Monday, April 23, 2018


At the local UU church yesterday, besides it being Earthday, it was my wife's and my day to supply snacks, do after service kitchen clean up, supply flowers, and offer a meditation during the service. With dogwood trees on our property blooming in abundance, the flowers were easy. For the meditation, I wanted to draw from my own experience with regard to Earthday. I attempted to juxtapose three things.

On the first Earthday, 47 years ago, I stood with 5 or 6 friends in a field near Hastings College (in Nebraska) and shared words about how it had finally come to pass that folks were beginning to understand the importance of the environment. We shared a sense of hope, even though there were so few of us from campus at the event.

Secondly, I noted that this is the one hundred and eleventh year of  plastic. Plastic began with the invention of Bakelite, which was composed of formaldehyde, derived from wood alcohol, phenol derived from coal tar and wood flour, derived from wood.  (They made other versions of the stuff using fillers of a more toxic variety.) Nowadays, plastic from even harsher petrochemical ingredients is everywhere and I noted that as I mopped the floor in the morning, the bucket was made of plastic, parts of the mop were made of plastic, cleaning supplies were in plastic bottles and plastic, everywhere in excess, is imposing a huge burden on all life and even enters the cells of our bodies.

 I noted that with plastics having had a fifty year head start, Earthday has a long ways to go to catch up. We need much larger numbers of people to recognize the needs of the planet.

My  third point was that in this month's Wooden Boat Magazine, it tells how to make your own wooden bucket. Would that not be a better alternative to the plastic ones we buy so cheap and that along with so much plastic crap causes undue burden on the earth and all life?

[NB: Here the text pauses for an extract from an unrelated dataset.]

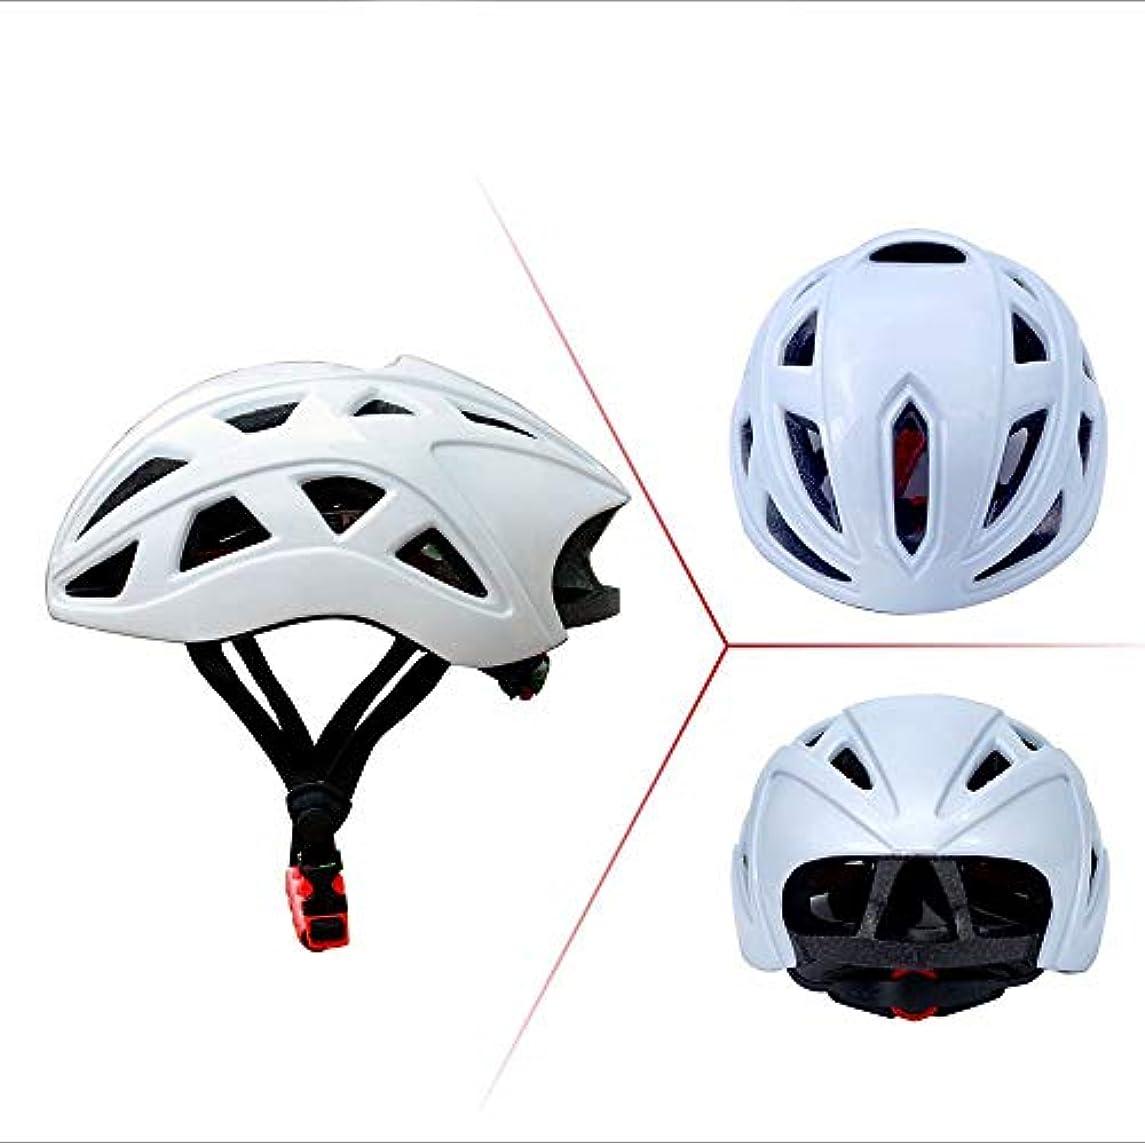 遊び場バイオレット噴水HYH サイクリング自転車自転車マウンテンバイク統合成形スポーツヘルメット男性と女性の ヘルメット いい人生 (Color : White)

In making our own buckets, the development of skill and integrity would take place.The effort would lead us out of the depression and anxiety that ail modern life. I finished with a poem by Langston Hughes, "In Time of Silver Rain."

So what's a man (or woman) to do? We carry on and make the best of things. We attempt to remember those things that are most important.

Make, fix, create and adjust your existence to learn lifewise.